Хозяйство содержалось образцово, и от этого плач за левой дверью звучал еще неуместнее. Плач шел из-за нее. Я постучал, негромко, костяшками двух пальцев.

— Простите. У вас все в порядке? — спросил я.

За дверью резко стихло. Слышно было, как двинули стул, как плеснула вода в тазу или кувшине. Потом дверь открылась.

На пороге стояла невысокая полная женщина лет пятидесяти, в поварском переднике, с сильными крупными руками, кожа на кистях была красная от горячей воды. Лицо у нее было хорошее, круглое, такому бы улыбаться без остановки. Сейчас оно было мокрое, наспех вытертое, с распухшими веками, и глаза смотрели с испугом человека, пойманного на слабости.

— Ох батюшки, — выдохнула она, — простите ради всего… Неужели слышно было?

— Слышно, — сказал я. — Совсем немного, но слышно.

— Простите, — повторила она и попыталась улыбнуться, отчего стало только хуже. — Вы не думайте, у нас все хорошо, кухня работает. Утка не пересохла? Люба говорила, вы утку взяли. Вы идите, идите к даме, у вас вечер такой славный, а я тут… это я так, по-бабьи. Не обращайте внимания.
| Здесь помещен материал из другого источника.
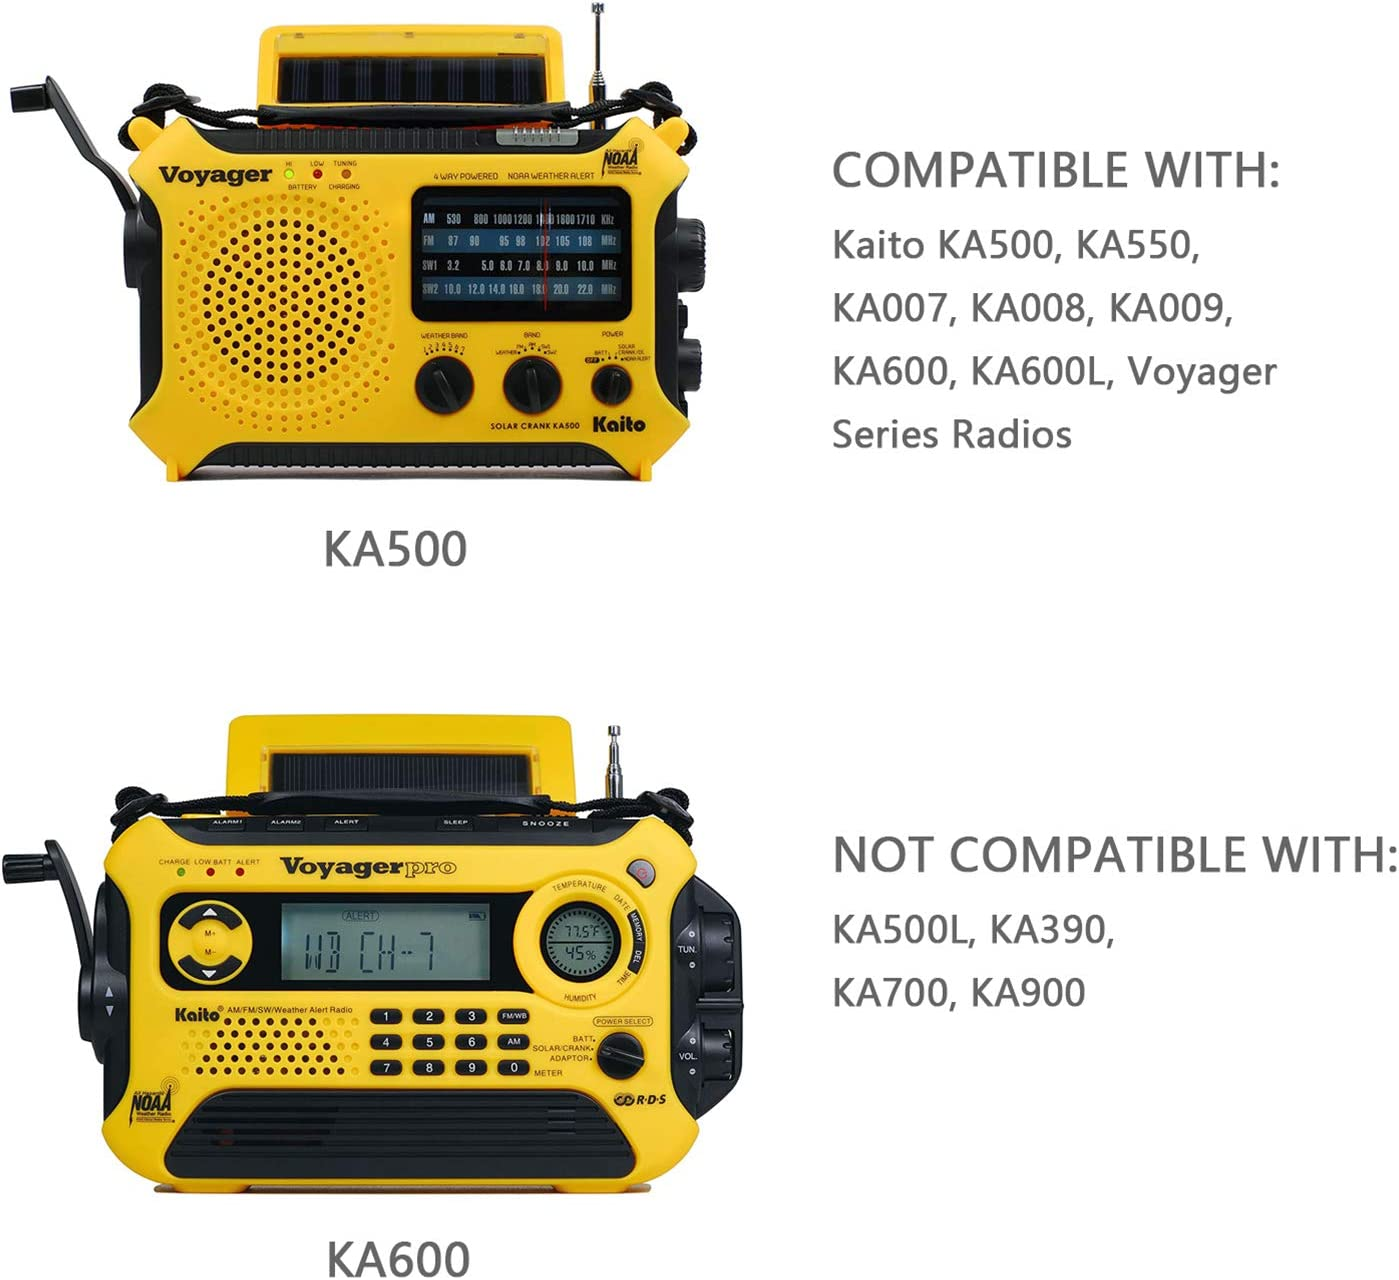 AC/DC 6V Adapter Compatible with for Kaito Voyager Series Radios, Replacement AD-500 Power Supply Charger Cord for KA500 KA600 KA007 KA008 KA009 and More (10 FT): Home Audio & Theater

— Уже не выйдет, — сказал я мягко. — Не обращать внимания можно на то, чего не заметил. А мы заметили. Так уж получилось, что мы теперь невольные свидетели вашей беды. И раз так, то может статься, что сумеем помочь. А не сумеем, так хоть выслушаем. Выговориться легче, чем плакать одной в углу.
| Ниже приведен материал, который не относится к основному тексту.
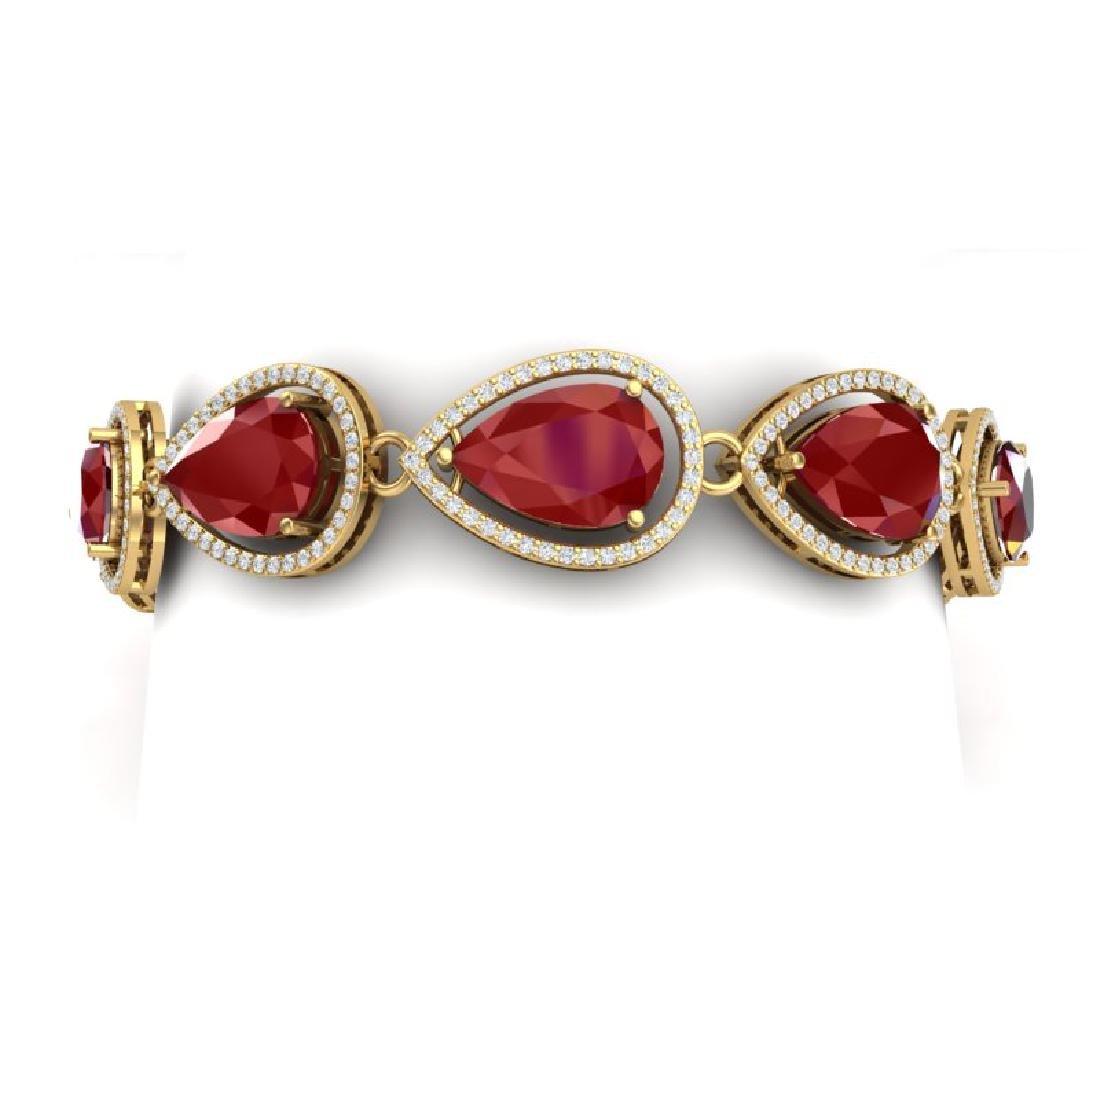 28.31 CTW Royalty Ruby & VS Diamond Bracelet 18K Yellow

Она смотрела на меня снизу вверх, и в глазах у нее шла быстрая работа: неловкость боролась с усталостью, и усталость явно была старше и сильнее.

За моей спиной прошуршало платье. Варя подошла и встала рядом.

— Пойдемте к нам за стол, — сказала она просто. — Люба принесет чаю. Правда, Люба?

Девушка, оказывается, стояла тут же, в начале коридора, прижав к груди тарелки.

— Мама, — сказала она тихо. — Сядь с людьми. Они вроде бы хорошие…

— И правда, посидите с нами, — сказала Варя. — Мы никуда не торопимся. Утка у вас такая, что торопиться отсюда вообще грех.

При слове «утка» женщина на мгновение стала прежней: плечи расправились, подбородок поднялся, в глазах мелькнула законная гордость мастера. Потом вспомнила, о чем шла речь, и гордость погасла. Она обвела нас взглядом, всех троих, дернула завязку передника, будто он ее душил, и сдалась.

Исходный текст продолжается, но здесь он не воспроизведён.